Assigned task: Within the entries below, output exactly the lines between the line containing "ancient hebrew fonts free download" and the line containing "Botanic Lapacho 150g", inclusive, and omit any picture.

Input:
#####

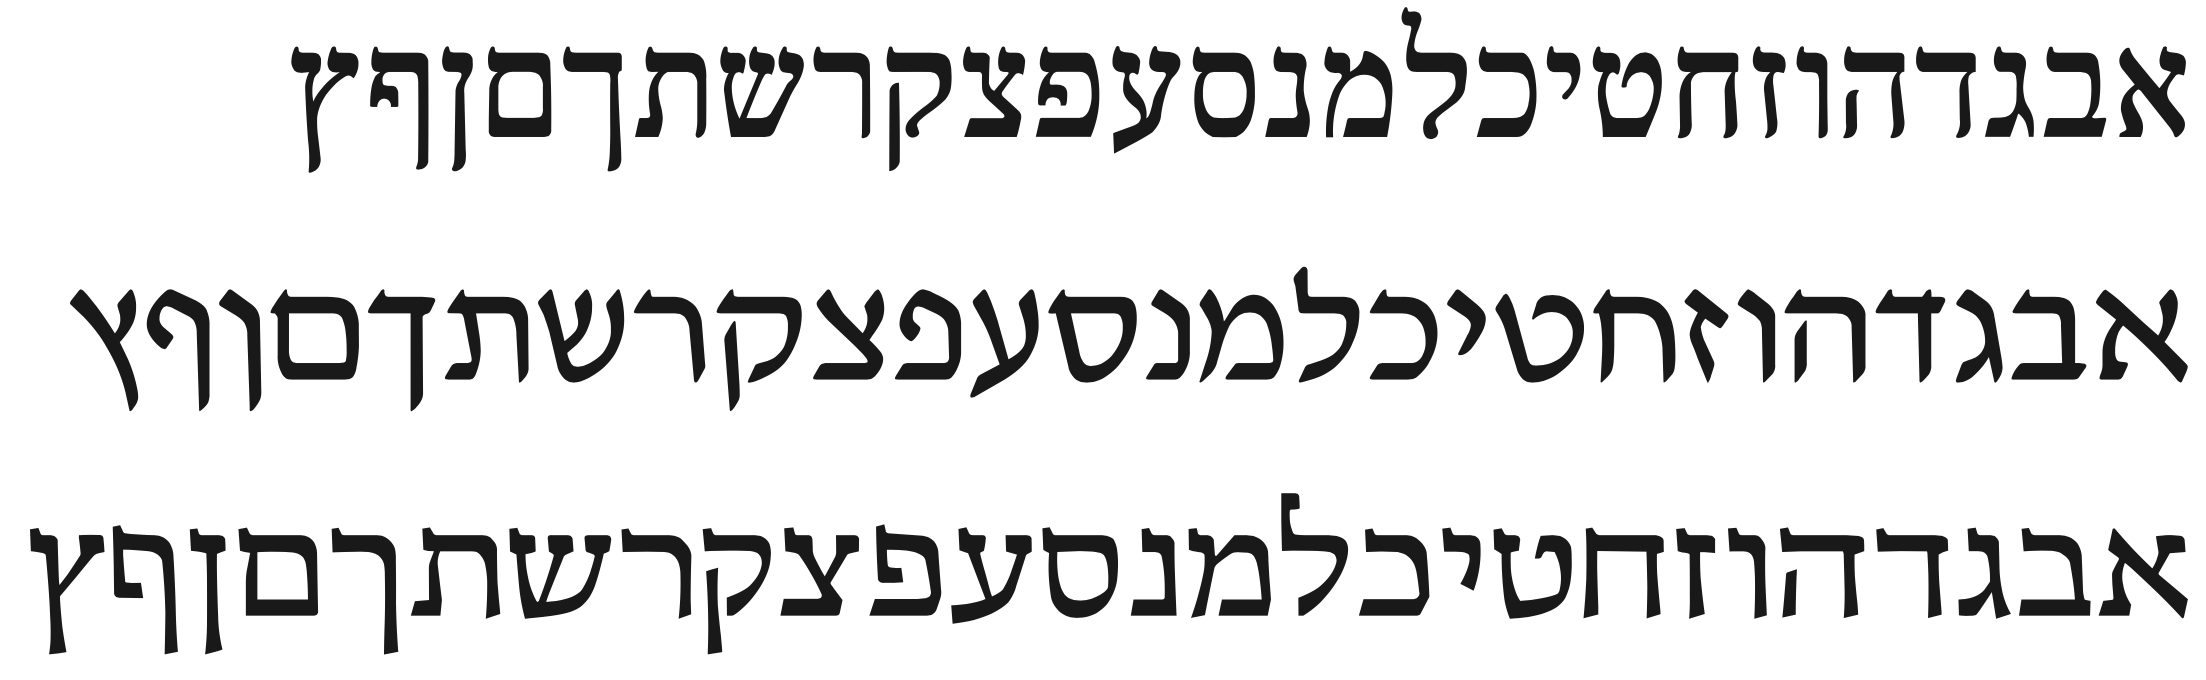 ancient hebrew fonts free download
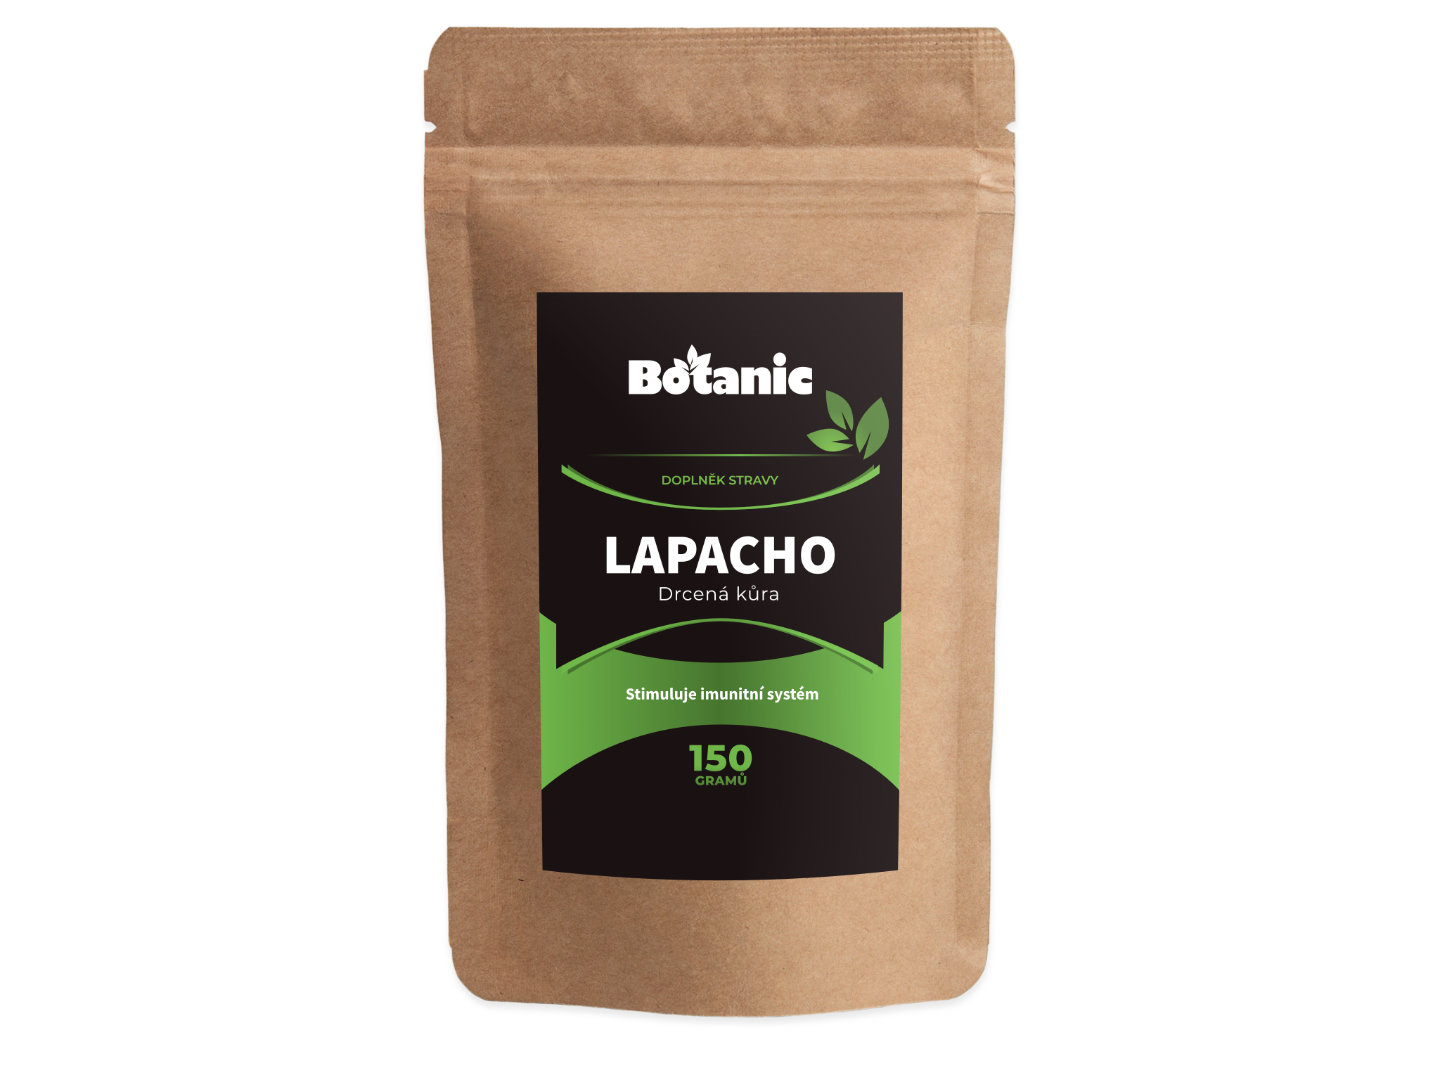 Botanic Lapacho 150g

#####

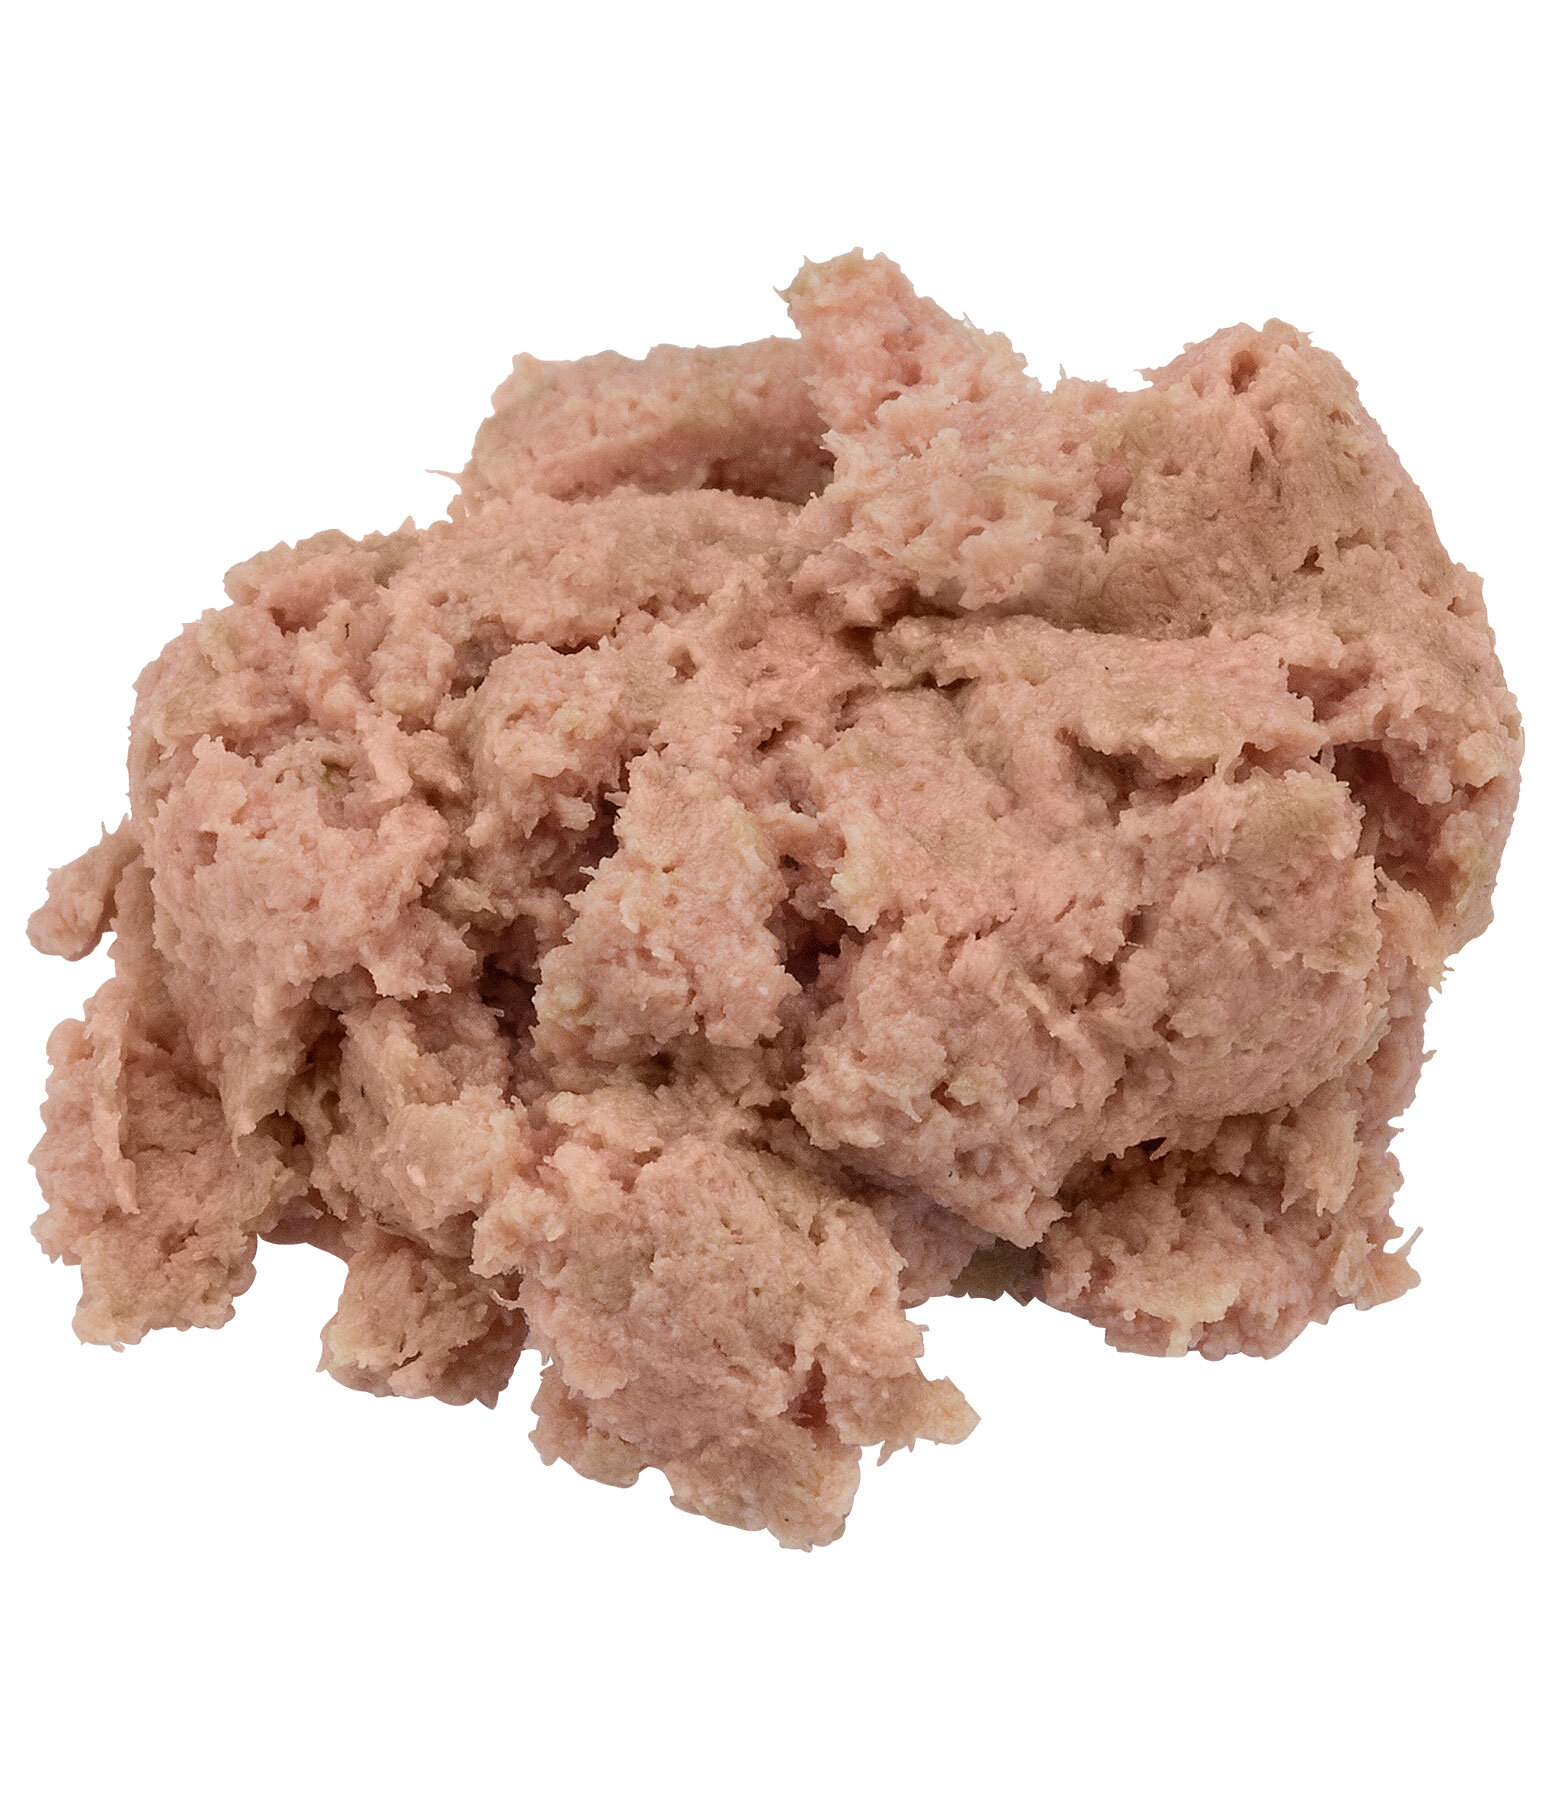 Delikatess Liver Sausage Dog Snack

#####

Task solution:
 ancient hebrew fonts free download
 Botanic Lapacho 150g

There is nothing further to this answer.